Leader magazineASCL - Association of School and College Leaders

Fees could be very costly

Sand running through someones fingers

Lawrence Montagu argues that new teacher training fees will begin to reverse the success evident in recent years of recruiting high quality graduates to the profession.

Does the government realise that it is placing in jeopardy the excellence of the quality of trainees who have entered teacher training over the past six or seven years?

Those of us who run major teacher training programmes will testify that the standards for training, the demands of the Teacher Development Agency and, indeed, the inspection regime, have all contributed to new teachers being better trained than ever.

Those of us who run schools as well have, as a consequence, been delighted at the quality of the candidates we have had to choose from for most subjects over recent years. The government should take considerable pride in its part in reaching this happy state of affairs.

So why, therefore, is it now prepared to risk all this by allowing universities to charge aspiring teachers for the privilege of training on a PGCE course?

From September 2006, universities intend to charge between £1,200 and £1,800 for the year-long PGCE course, despite the fact that students will be in schools for at least 25 weeks of the year and, consequently, only in universities for a maximum of ten weeks.

Some students in shortage subjects may receive grants or bursaries to offset their fees, but those in other areas of the curriculum, as well as all primary trainees, will have little alternative other than to pay up.

The reality, therefore, is that we will not only be asking talented young graduates to spend an extra year accumulating debts associated with their living costs but, in addition, obliging them to stump up a further contribution to cover their own training costs.

Last resort

I fear this policy will return us to the days when teacher training was viewed as the final option for graduates when there were no more attractive career alternatives.

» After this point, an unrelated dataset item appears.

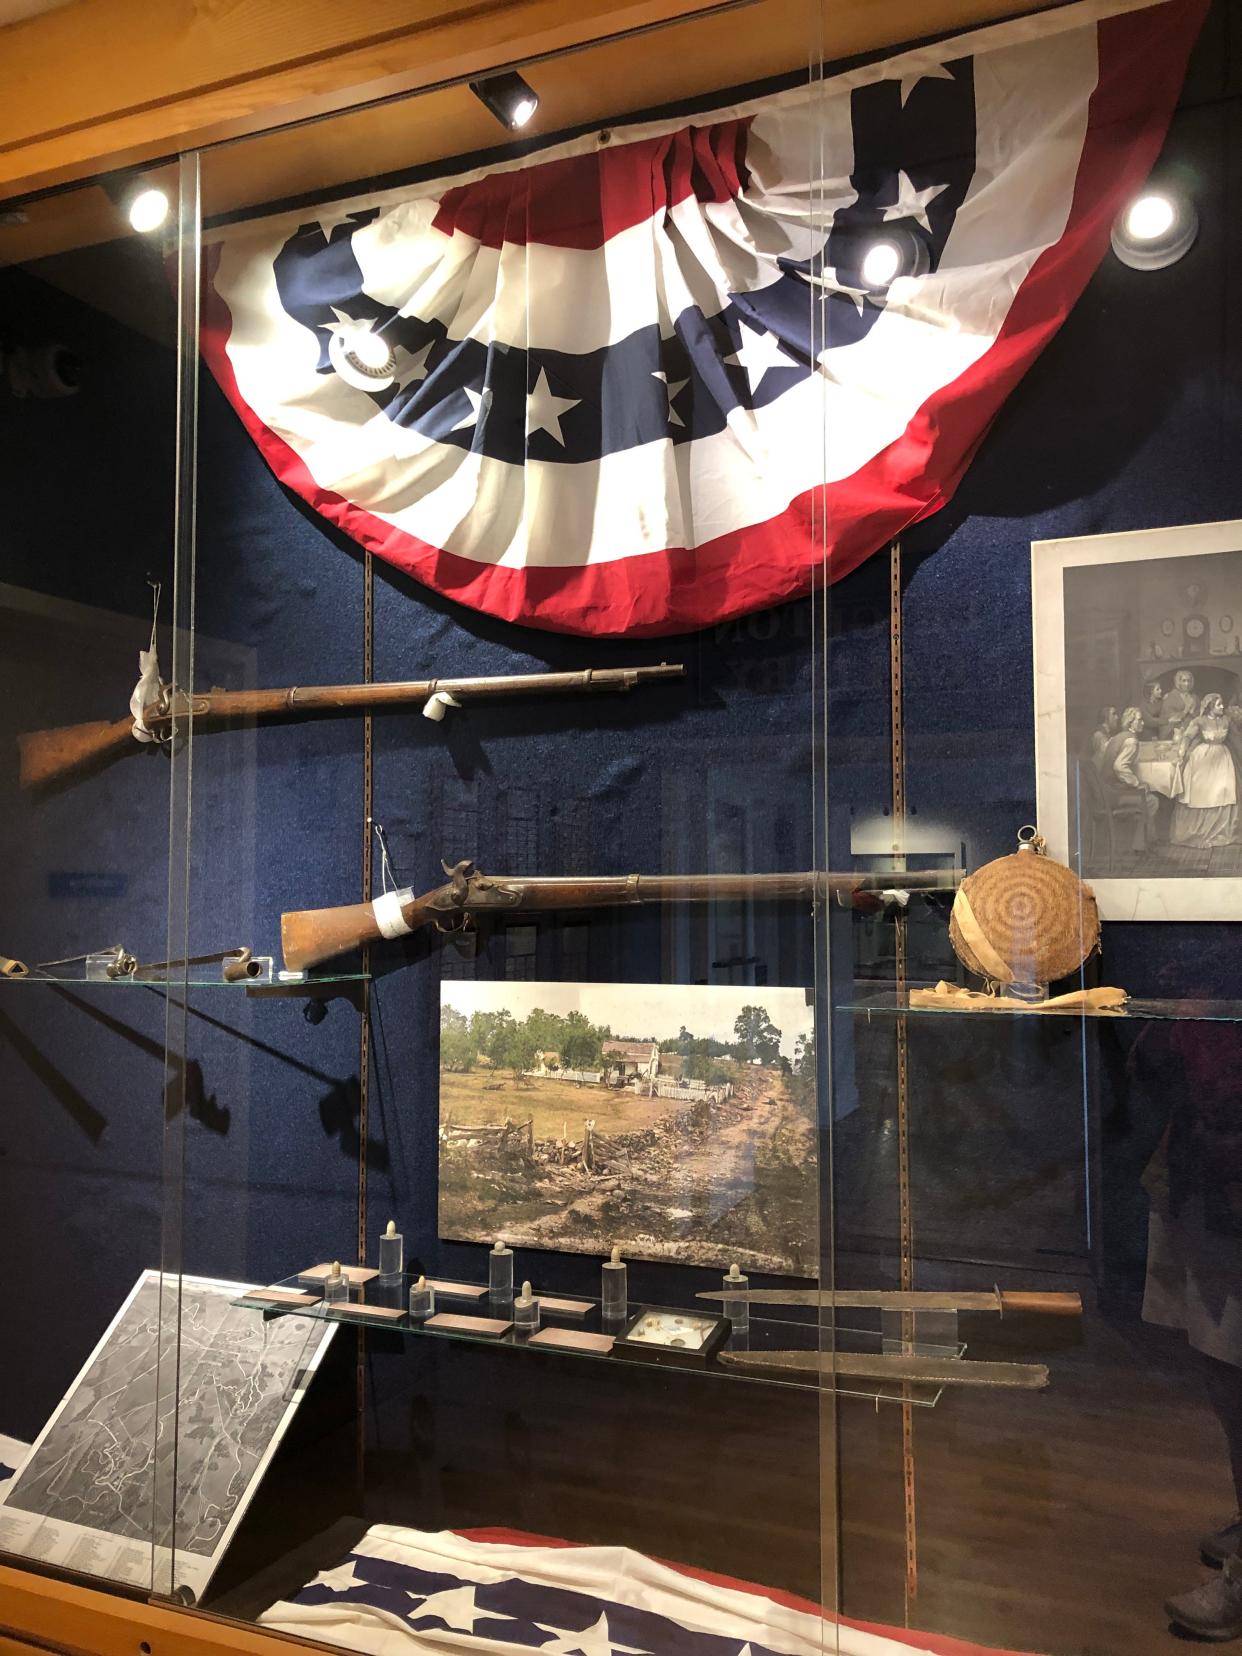 Photos and artifacts included in this case as part of the exhibit "Turning Point: The Battle of Gettysburg, 1863" are a colorized photograph of the aftermath of the Gettysburg three-day battle; an 1864 Springfield rife, standard equipment in the Union Army; and an 1860s battlefield map of Gettysburg. The exhibit will be open from July 1, 2023, to July 7, 2024, at The History Museum in South Bend.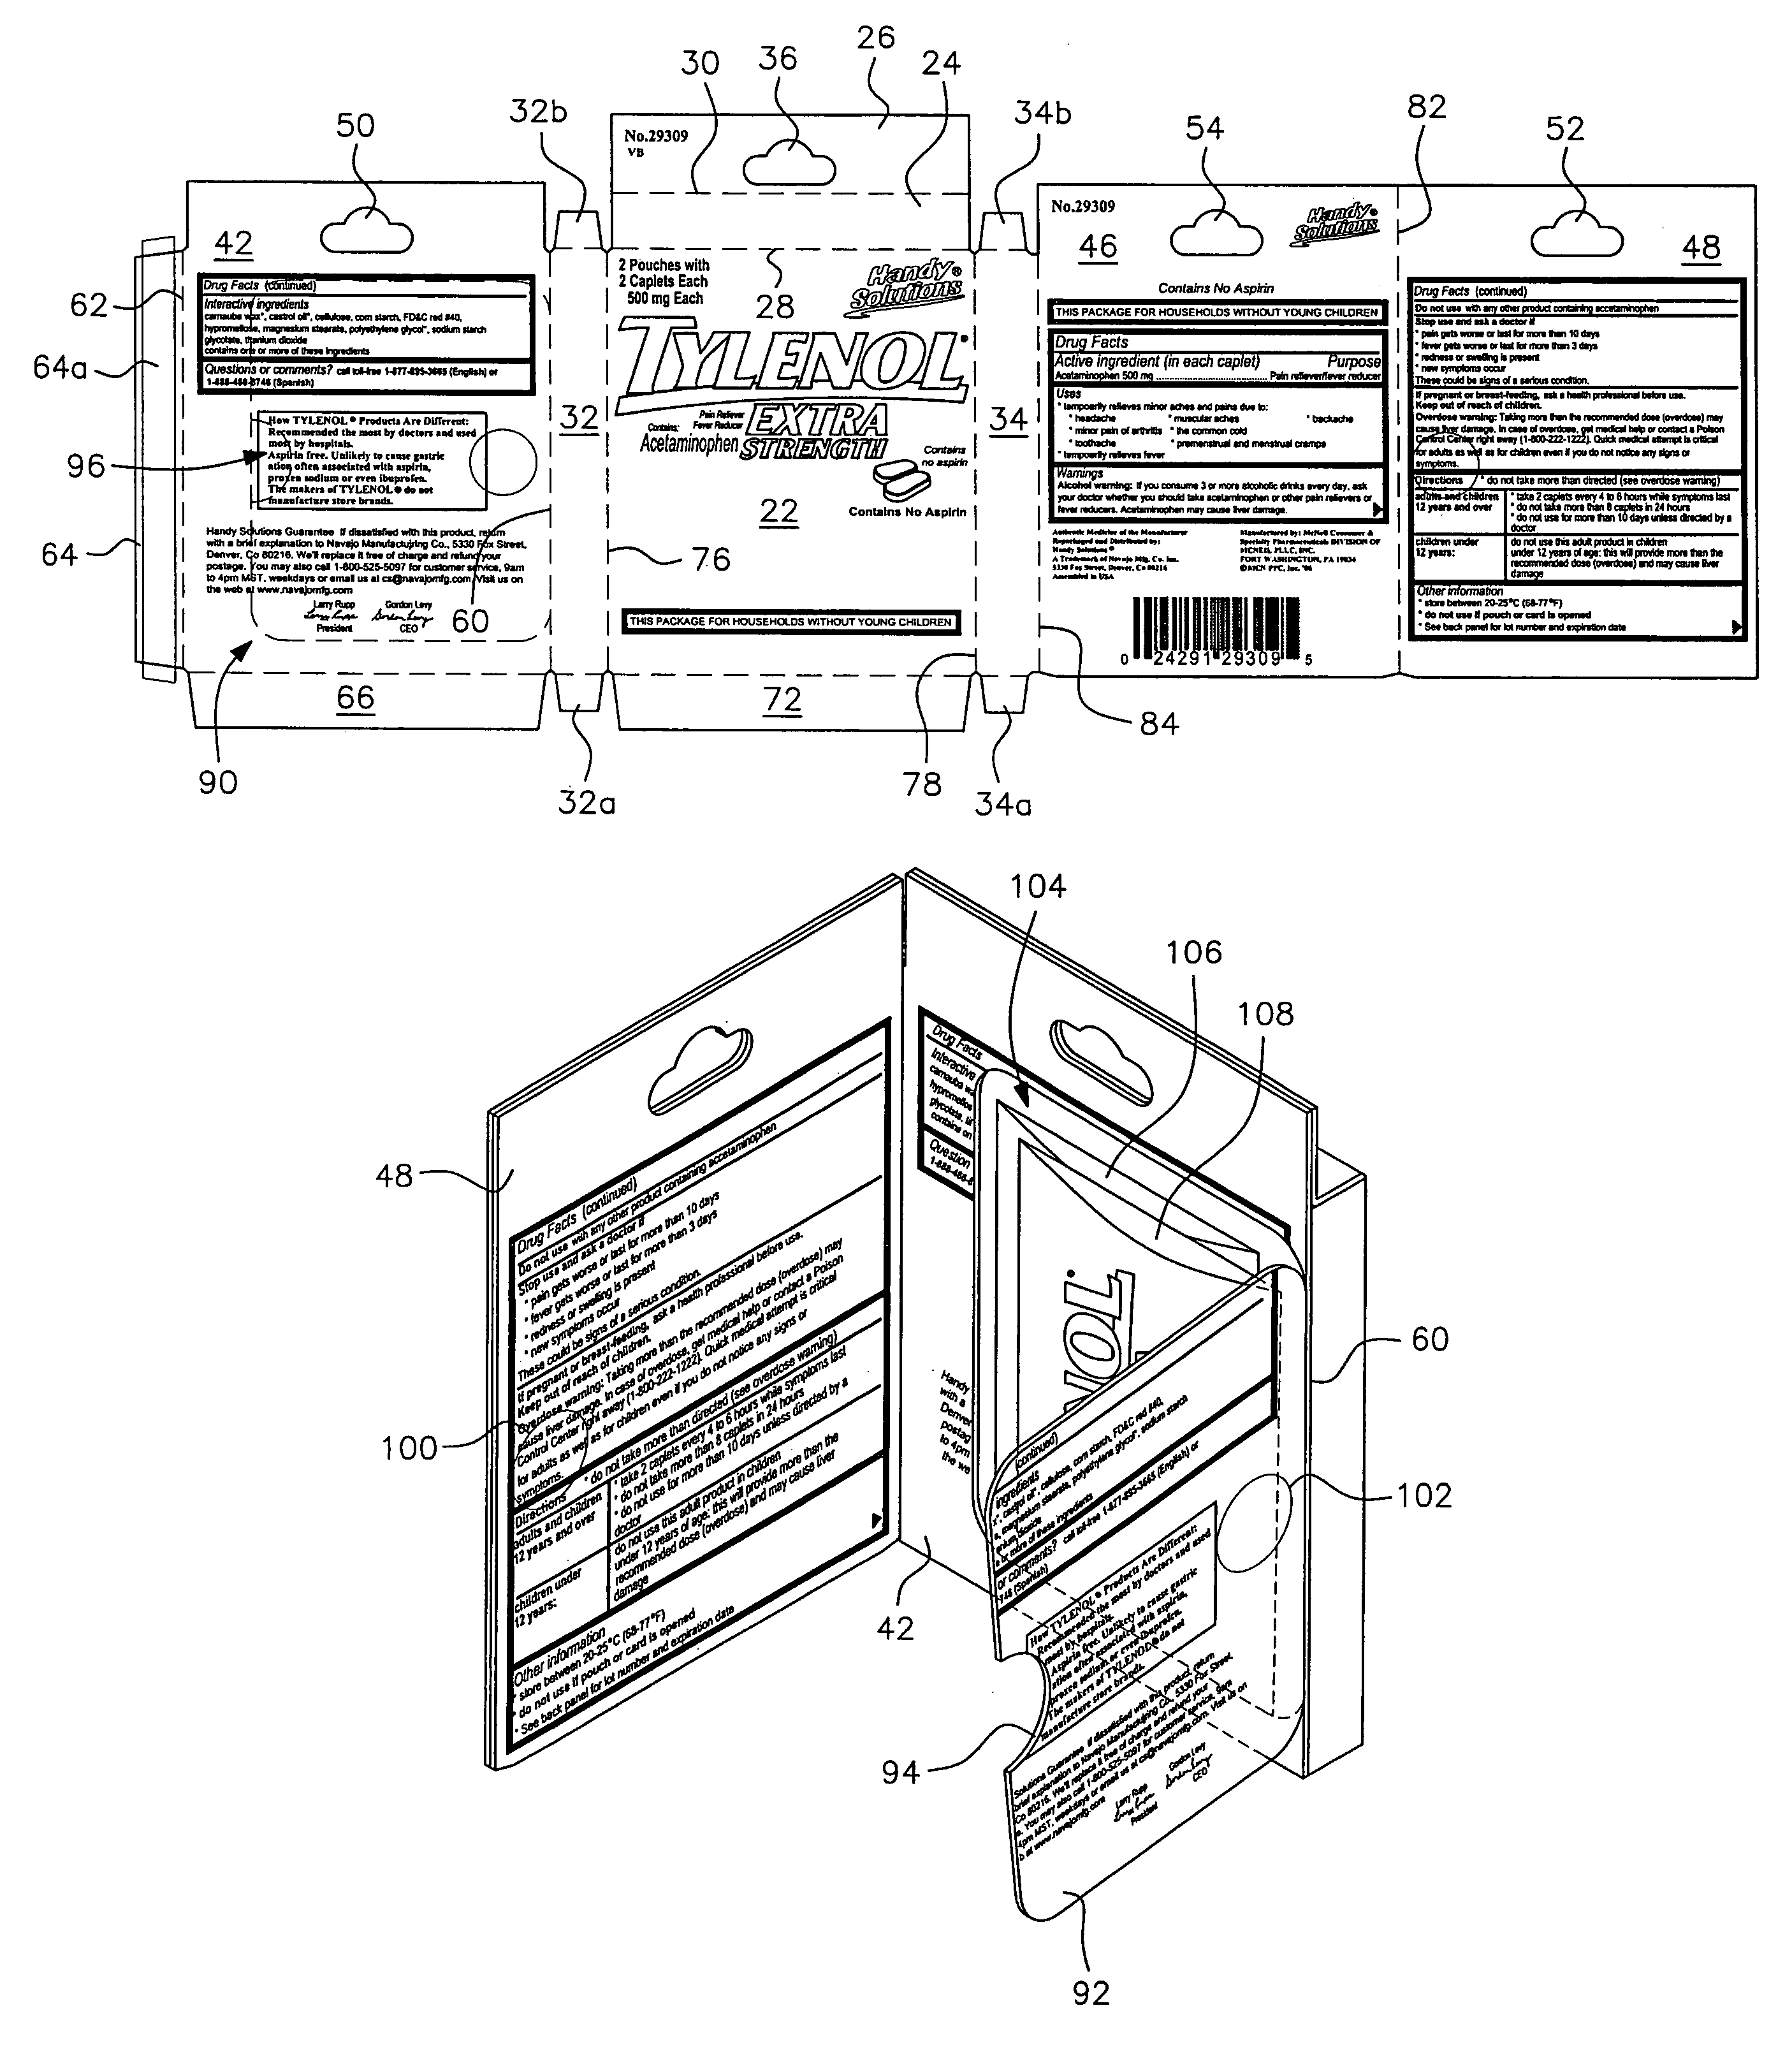 Drug delivery box for individual doses of medicine

We cannot allow the future of the teaching profession to be jeopardised when we have been working so hard to improve our schools for the benefit of the young people we serve. Much improvement has been directly related to the emphasis we have placed on high quality teaching and learning.

This has only been possible because the quality of entrants to the profession has improved and, with so much initial teacher education being school-based, schools have been forced to concentrate on how trainees can deliver high quality teaching from the word go.

How can we get out of this mess before there is lasting damage to teacher training? My view is that schools should do one of two things.

Schools could take over teacher education as school-based in its entirety. The schools may well find that if they can work more closely with each other, as we have, the partnership will not only influence initial teacher education but it will benefit schools in general.

Alternatively, they should demand payment from the universities so that if schools undertake two-thirds of the training, two-thirds of the additional finance goes to the schools, which could pass the money back to the trainees.

Frankly, neither of these options is desirable, because teacher education relies upon the input of higher education as, indeed, it relies on schools to be committed as training partners.

University reform

There is no doubt the universities are in a very difficult financial position and, just as in the schools sector, the health service and the police, they will have to undertake radical reform to meet the demands of the 21st century.

This could be an excellent opportunity for universities to take a serious look at the demands of students and society that they should be meeting in this century. The government wants more people to progress to higher education, yet our talented young people have great difficulty in gaining places at the best universities.

Put all these considerations together and the need for a radical review of how higher education is structured and funded is very apparent. The time has come for higher education to consider, properly, the needs of young people for the rest of this century.

That will certainly not mean depriving the teaching profession of the quality of recruit it will need to provide the best school-based education possible for the direct benefit of all the young people in our country.

Lawrence Montagu is chair of the Gloucestershire Initial Teacher Education Partnership and headteacher of St Peter's RC High School.